» **Your objective**: I'd like the full listing transcribed exactly, with no images included.
___ Available data ___
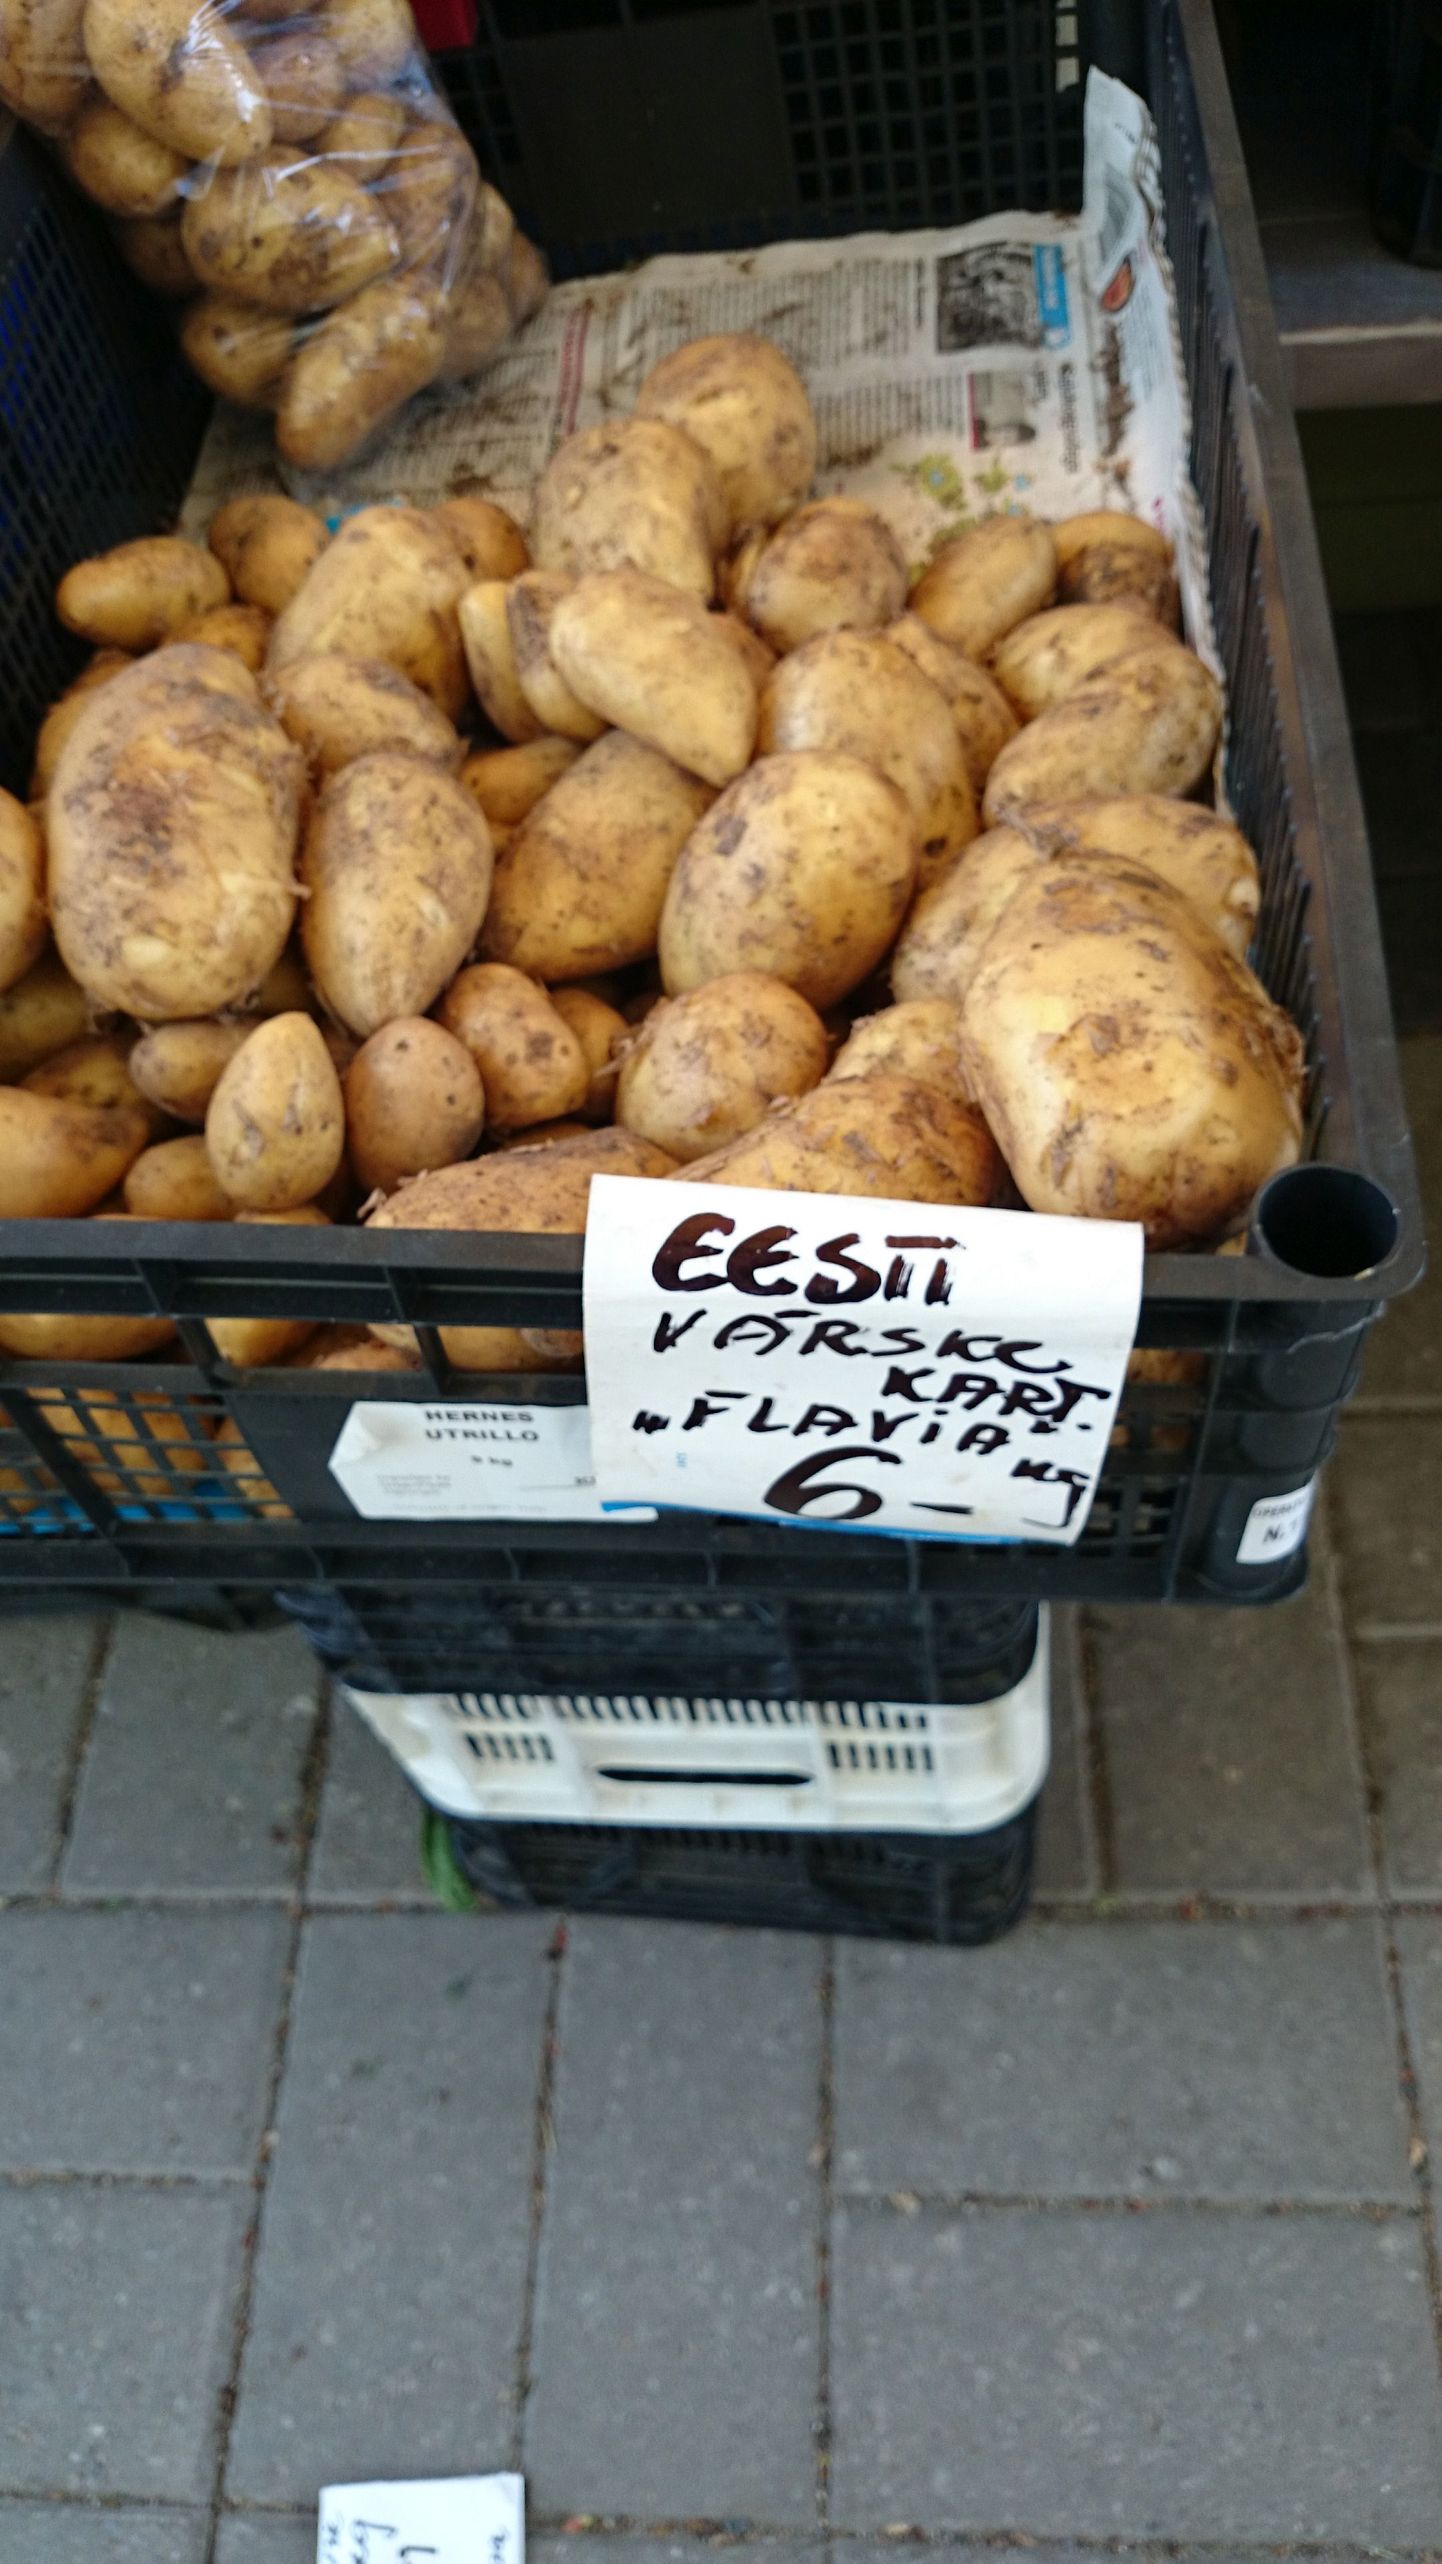 Молодой картофель стоит 6 евро за кило.
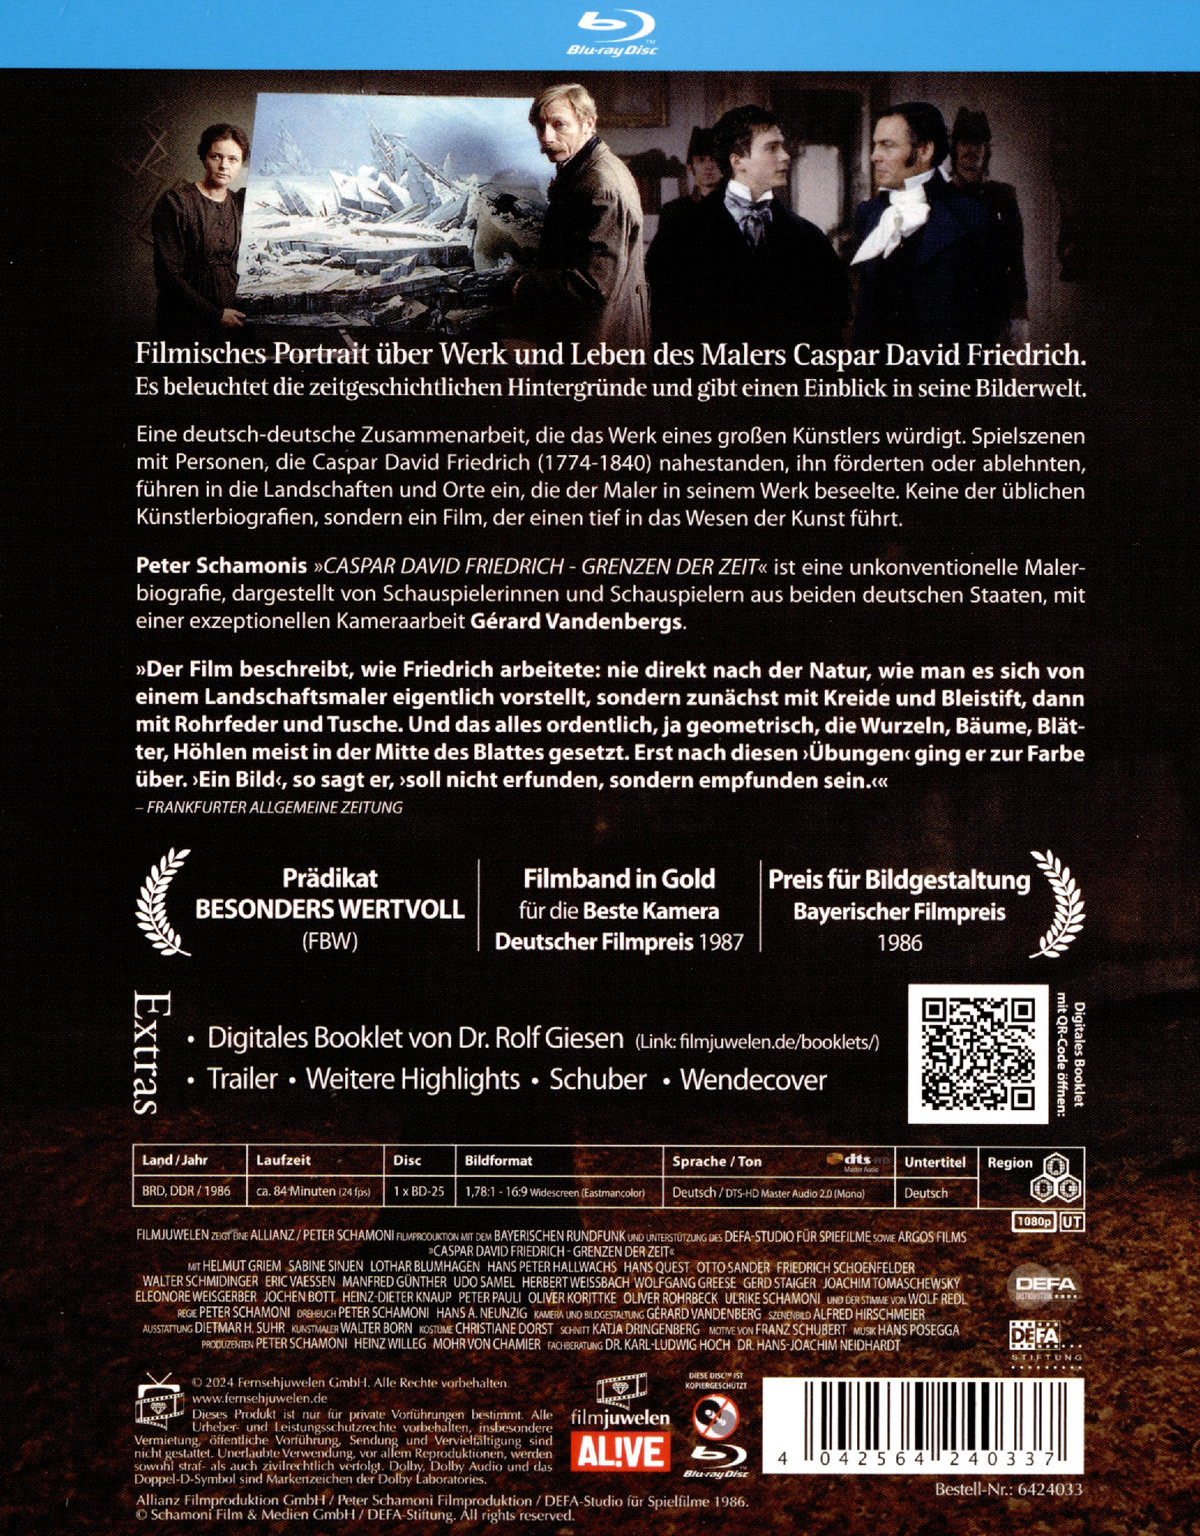 Caspar David Friedrich - Grenzen der Zeit (DEFA Filmjuwelen)  (Blu-ray Disc)
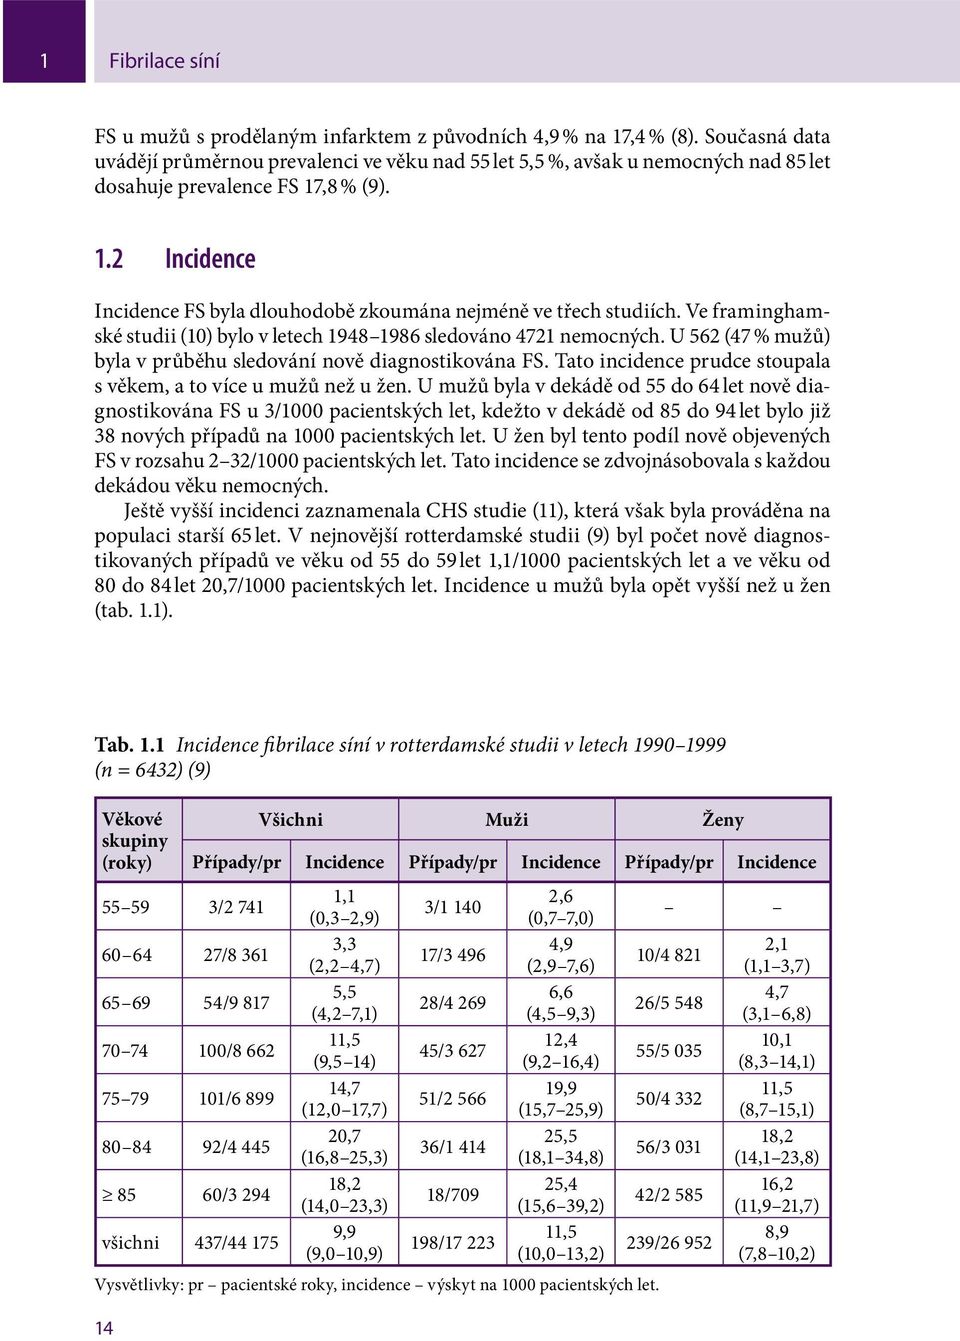 Ve framinghamské studii (10) bylo v letech 1948 1986 sledováno 4721 nemocných. U 562 (47 % mužů) byla v průběhu sledování nově diagnostikována FS.
___
» **Solution for this problem**:
 Молодой картофель стоит 6 евро за кило.
 Caspar David Friedrich - Grenzen der Zeit (DEFA Filmjuwelen)  (Blu-ray Disc)
 Ve framinghamské studii (10) bylo v letech 1948 1986 sledováno 4721 nemocných. U 562 (47 % mužů) byla v průběhu sledování nově diagnostikována FS.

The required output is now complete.